なんと気高く、そして孤独な戦いだろうか。

グレイの胸に、再び熱いものが込み上げてきた。
このお方を死なせてはならない。この方の剣となり、盾となる。それが自分の使命だ。

「……承知いたしました。この命に代えても、必ずや証拠を掴んでまいります」
「命など賭けるな。死ねば人的リソースが一つ減る。無駄なことだ。生きて、結果を出せ」

あくまでドライな主君の言葉に、グレイはしかし、そこに隠された(と彼が勝手に解釈した)不器用な優しさを感じ取り、深く頭を下げた。

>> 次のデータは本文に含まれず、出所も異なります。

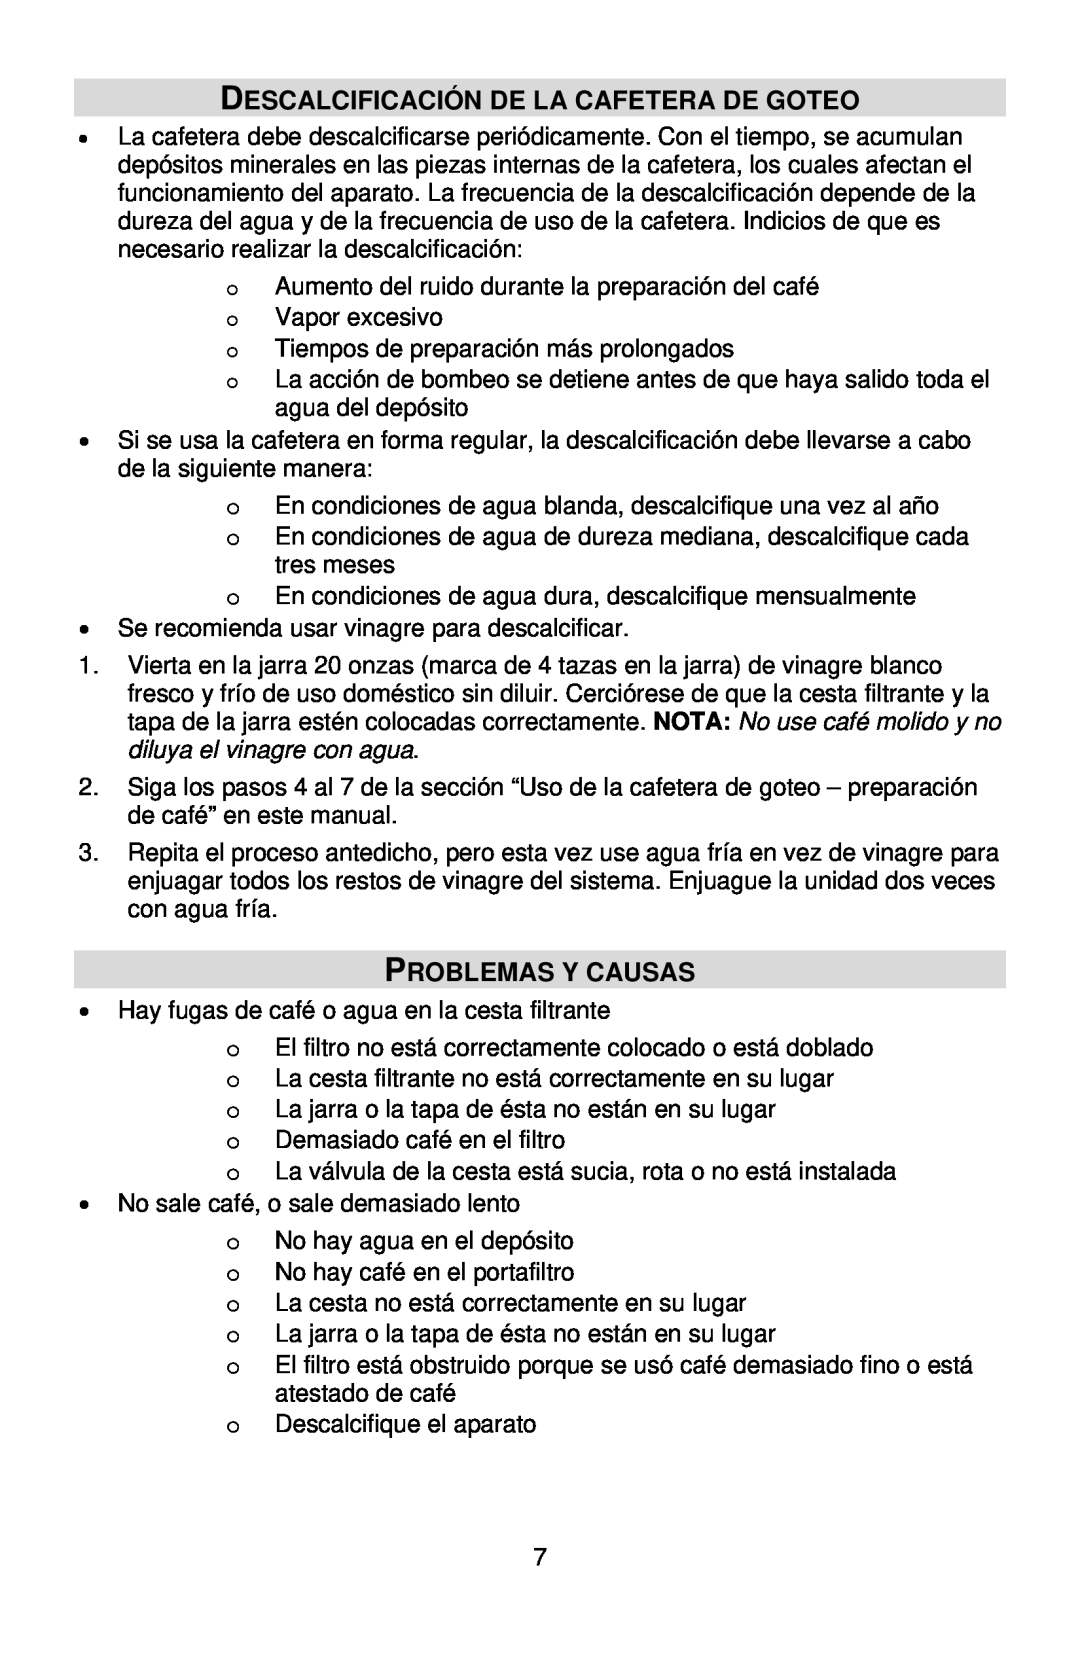 West Bend Auto-off Coffeemaker instruction manual Descalcificación De La Cafetera De Goteo, Problemas Y Causas

グレイが退出した後、ゼノンは一枚の羊皮紙を取り出した。
そこへ、今回の標的となる者たちの名前を書き連ねていく。
バルトロ・ジンメル。
その下に、彼と金の繋がりが疑われる数名の家臣の名を。

リストを眺めながら、ゼノンは次の手を考えていた。
証拠を掴んだ後、どうやって彼らを処分するか。
父ダリウスは、長年信頼してきたバルトロを簡単には切り捨てられないだろう。他の家臣たちも、保身のためにバルトロを庇うかもしれない。

ならば、また会議を開くしかない。
今度の相手は、腐敗した家臣たち。
そして、彼らを一網打尽にするための、完璧なシナリオを用意する必要がある。

ゼノンの口元に、冷たい笑みが浮かんだ。
面倒なことだ。だが、自分の平穏な生活のためだ。
やるべきことは、分かっている。